5

I've got an external USB drive that is formatted with NTFS mounted on ~/tmp. I can read it just fine, but cannot write to it, even as root (temp is a folder on the USB drive):

[root@Plugbox temp]# touch test
touch: cannot touch `test': Permission denied
[root@Plugbox temp]#

However, if I do a cat /proc/mounts, it looks like I do have NTFS read/write support:

[root@Plugbox temp]# grep /dev/sdb1 /proc/mounts
/dev/sdb1 /root/tmp ntfs rw,relatime,uid=0,gid=100,umask=02,nls=utf8,errors=continue,mft_zone_multiplier=1 0 0
[root@Plugbox temp]#

Finally, if I go to the folder above temp, it looks like I should have plenty of permissions to write to the folder:

[root@Plugbox tmp]# ls -al
total 61500764
...
drwxrwxr-x 1 root users           0 Apr 19  2010 temp
...
[root@Plugbox tmp]#

What am I missing?

1
  • 1
    rw means the file system driver was told to allow writing; it doesn't mean there's support for it.
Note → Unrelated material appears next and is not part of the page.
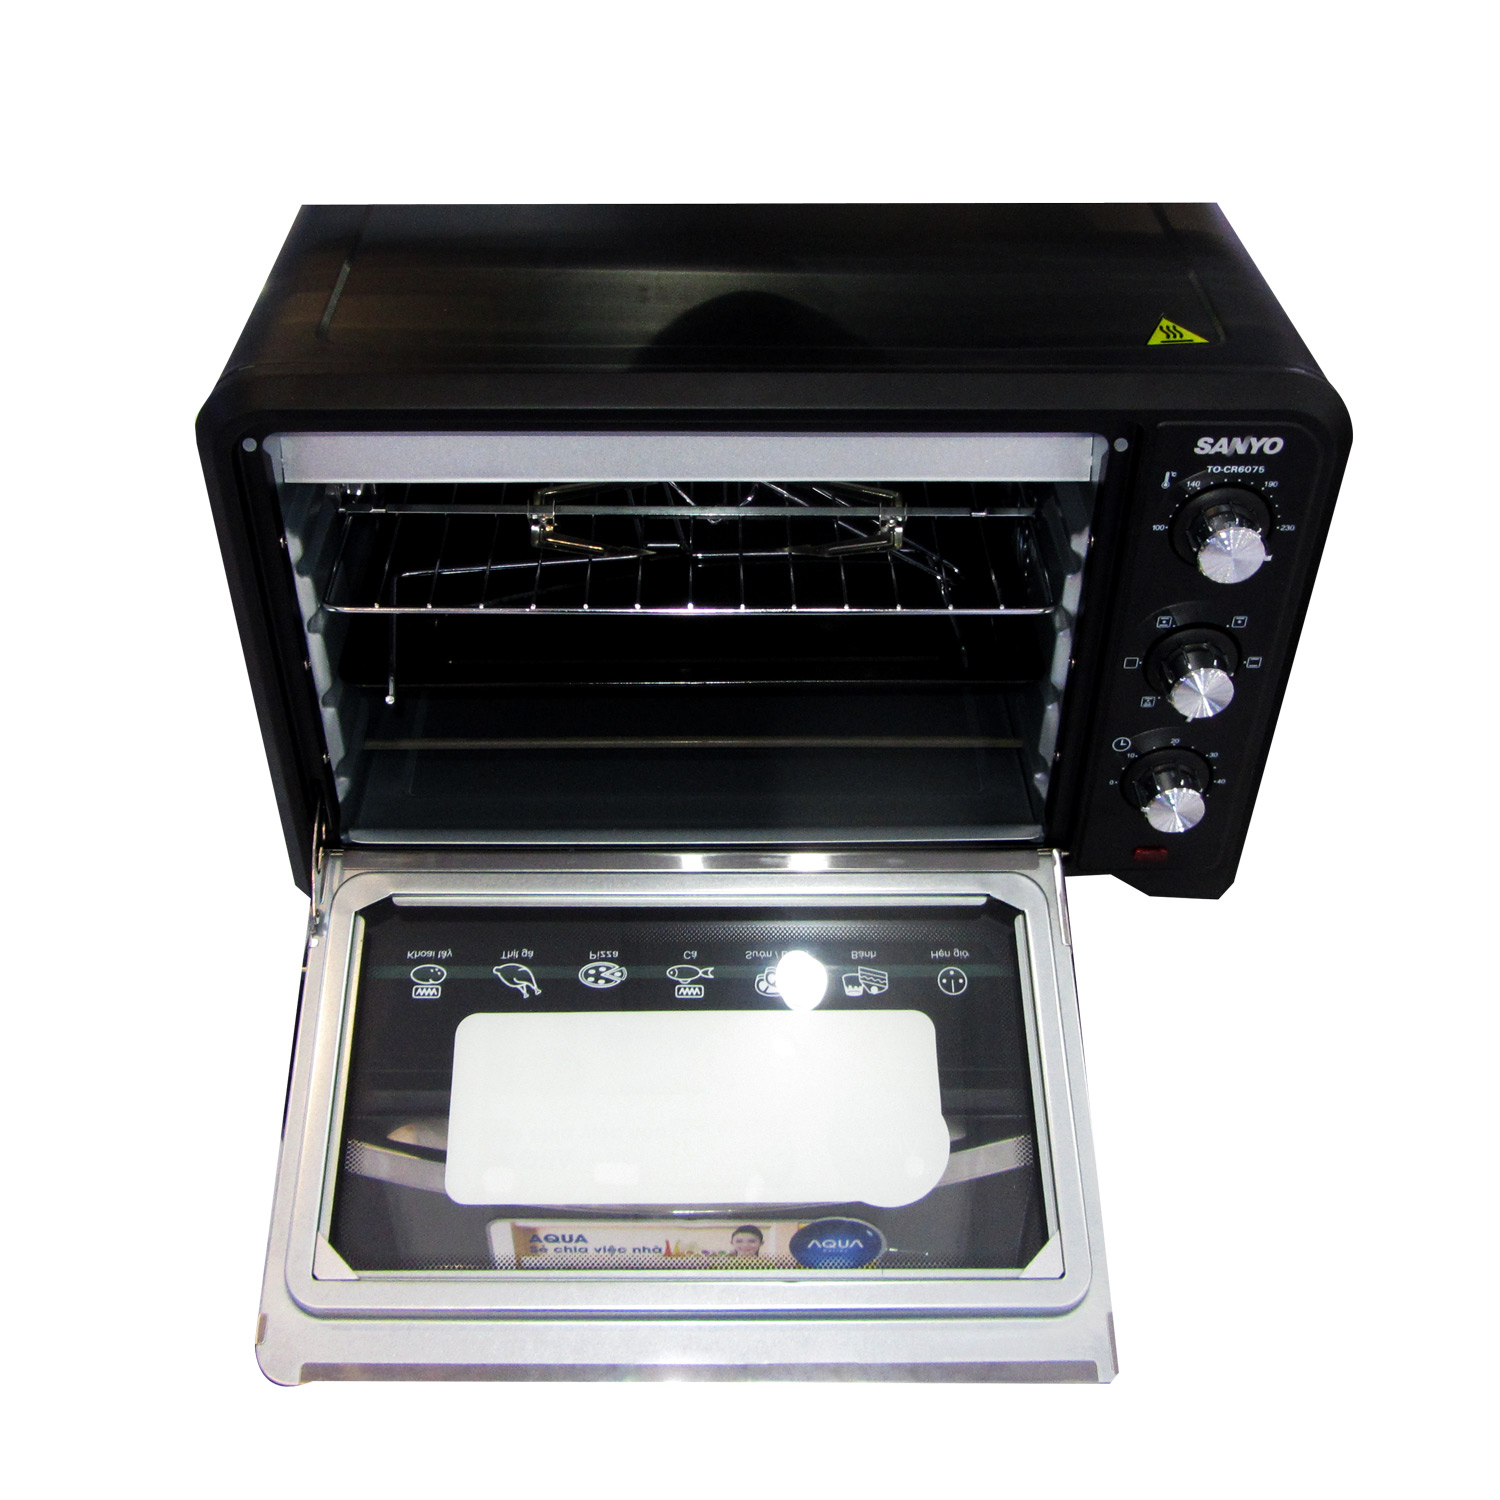 LÒ NƯỚNG 35L SANYO TO-CR6075 có chức năng nướng đối lưu nhiệt và 6 chức năng nướng hiện đại chất liệu lò nướng bằng inox bền chắc cửa kiếng 2 lớp an toàn với người sử dụng

Jul 4, 2011 at 21:41

3 Answers 3

5

Try out NTFS-3g. It has write support for NTFS. You may be using an NTFS module that doesn't support NTFS writes.

0

NTFS write support needs not only a mount option, but a write-capable driver. Which NTFS filesystem driver are you using, one that came with the kernel or a module downloaded elsewhere?

1
  • I've got an external USB drive that is formatted with NTFS. I had a folder of JPGs (20GB). Under Ubuntu it was removed in seconds, but in XP it took ages. Interesting.
    – Aki
    Jul 4, 2011 at 19:03
0

Like others have mentioned, you'll probably want to install NTFS-3g. After doing that, however, what might help is adding an entry to your /etc/fstab like the following one from mine:

# <file system> <mount point>   <type>      <options>             <dump>  <pass>
/dev/sdb2       /media/Windows   ntfs-3g rw,auto,user,fmask=0111,dmask=0000 0 0

Replace "/dev/sdb2" with whatever partition you are trying to mount and "/media/Windows" with your preferred mount point. This makes it so the partition will be automatically mounted on startup, and you will be able to both read and write files on the disk.